PROBLEM DESCRIPTION — Could you write out, exactly as they stand, only the lines in the listing below from the line with "中国传媒新闻资源开发现状研究调查报告" to the line with "Boucles d'oreilles contemporaines", both ends included, without the pictures?

DATA SUPPLIED —
------------------------------------------------------------

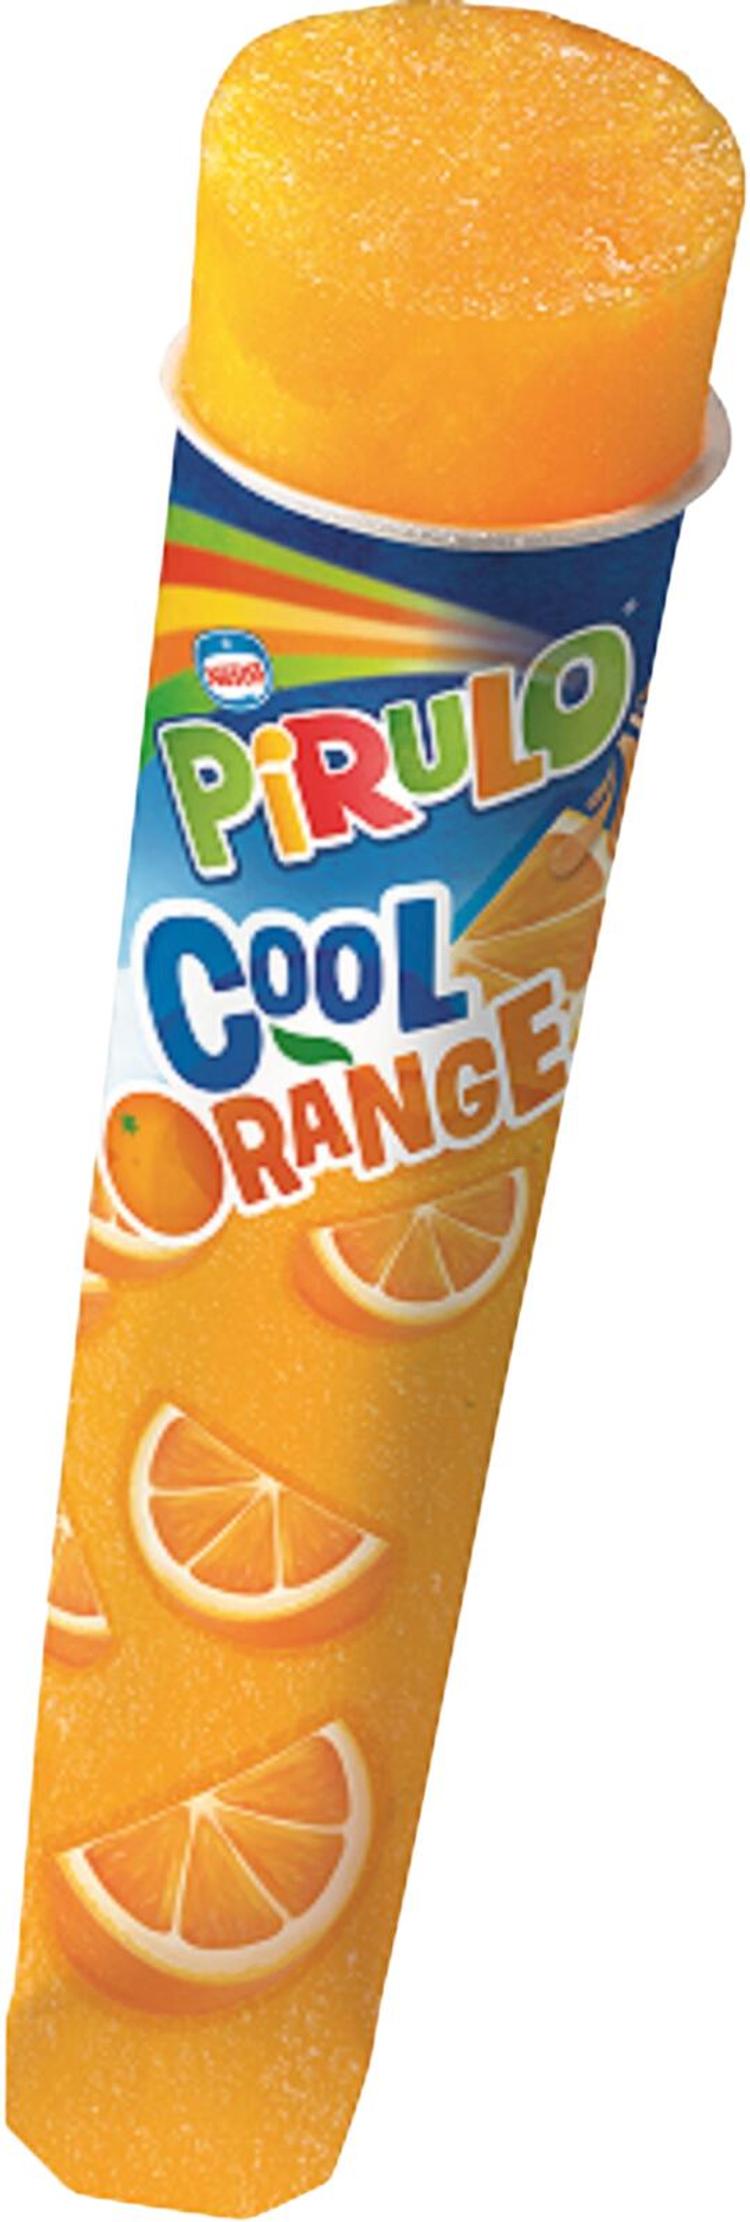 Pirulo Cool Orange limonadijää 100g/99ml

------------------------------------------------------------

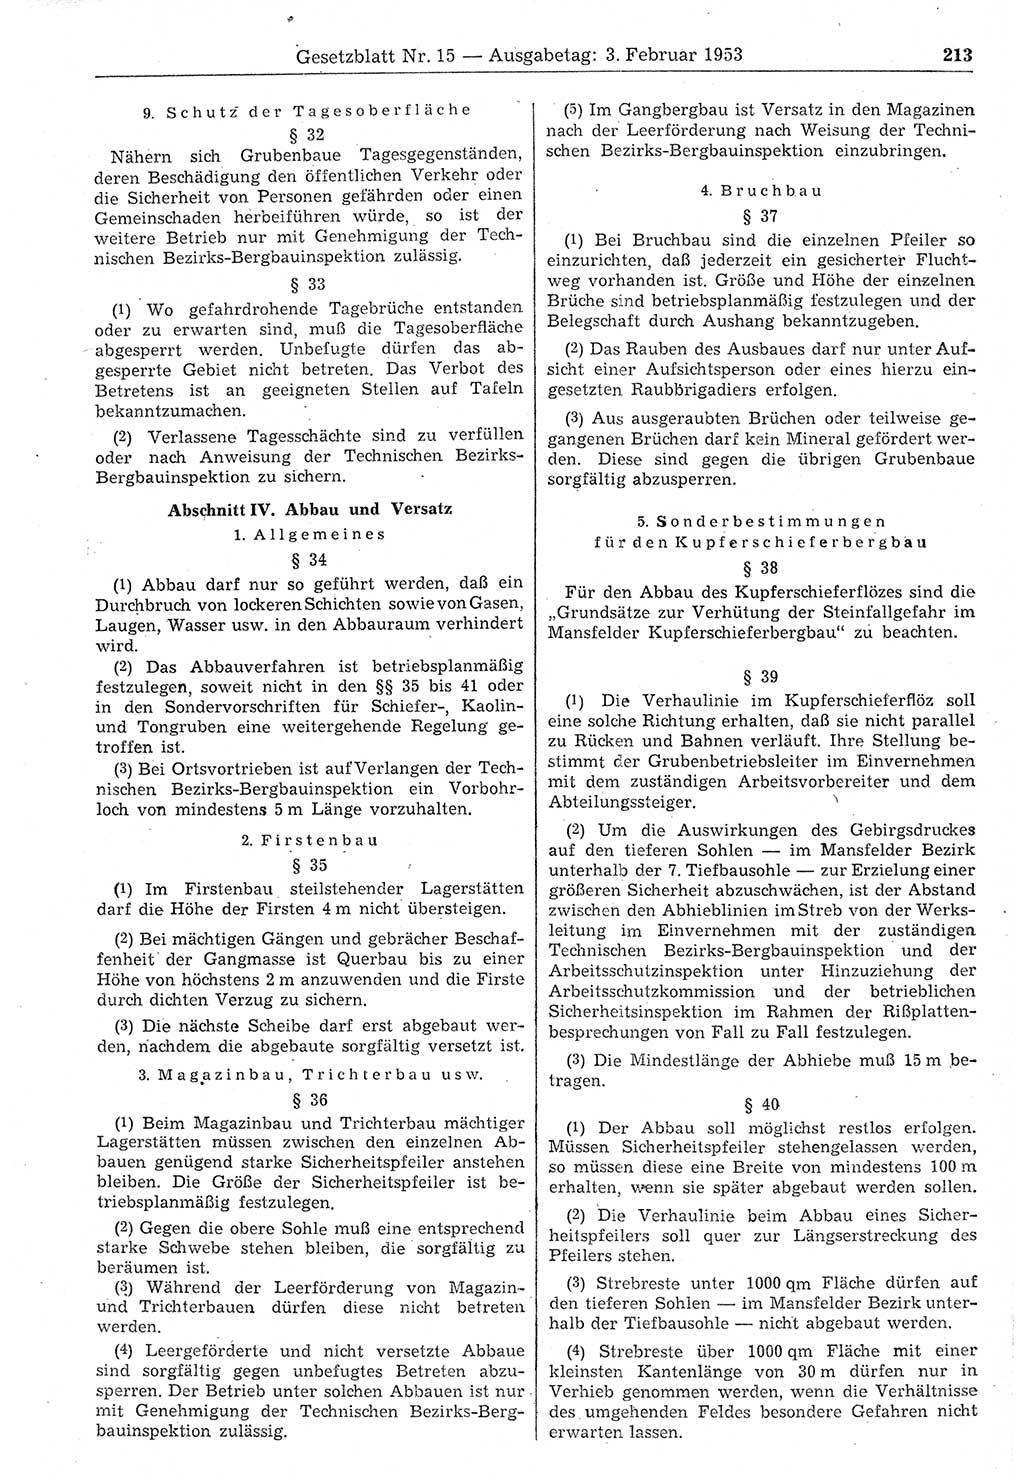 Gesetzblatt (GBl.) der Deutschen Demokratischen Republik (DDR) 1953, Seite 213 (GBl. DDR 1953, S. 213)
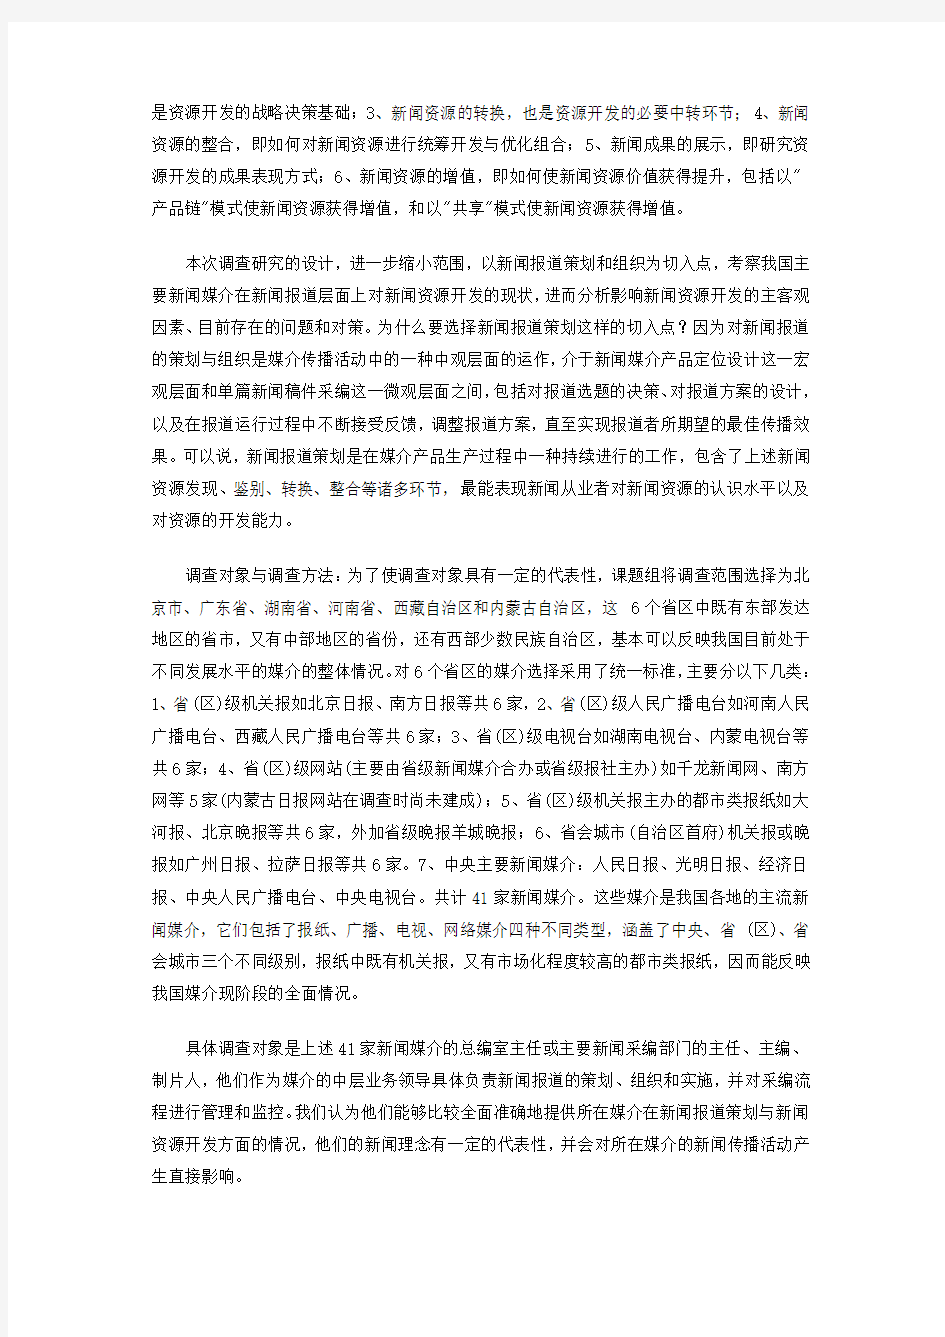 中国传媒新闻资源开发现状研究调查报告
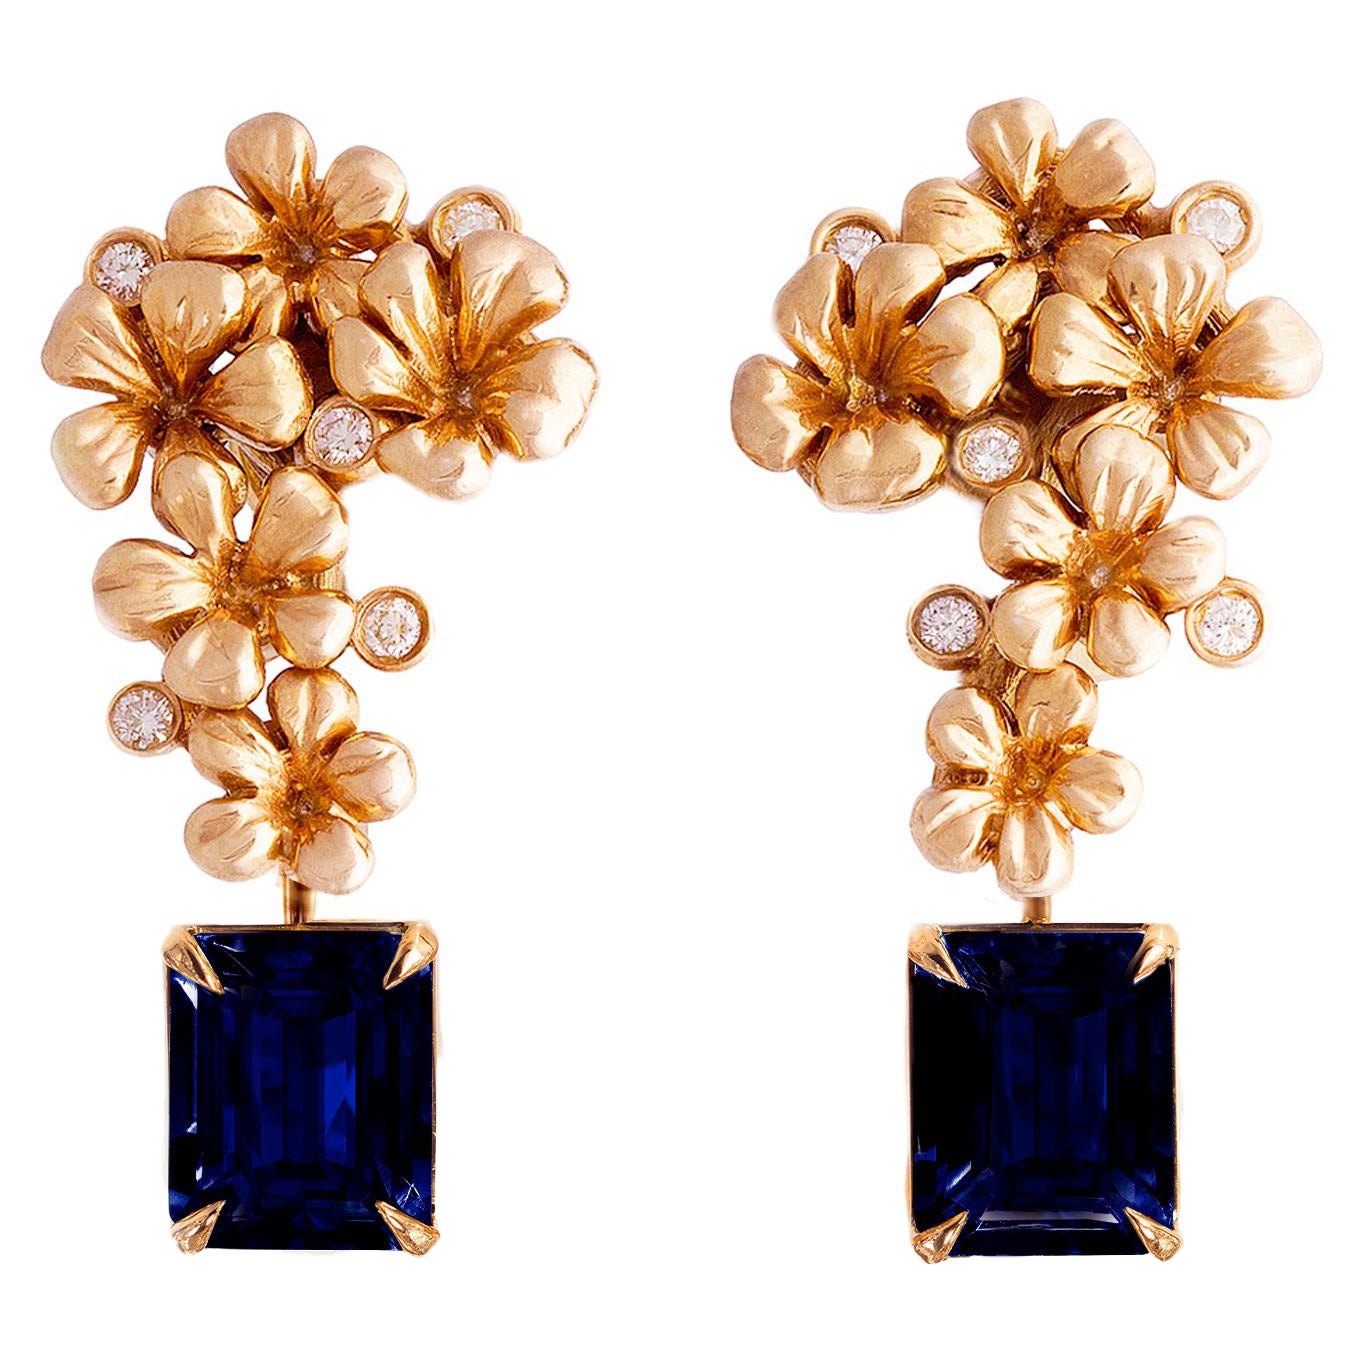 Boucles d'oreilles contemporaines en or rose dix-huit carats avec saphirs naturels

------------------------------------------------------------

FINISHED EXERCISE —
 中国传媒新闻资源开发现状研究调查报告
 Boucles d'oreilles contemporaines en or rose dix-huit carats avec saphirs naturels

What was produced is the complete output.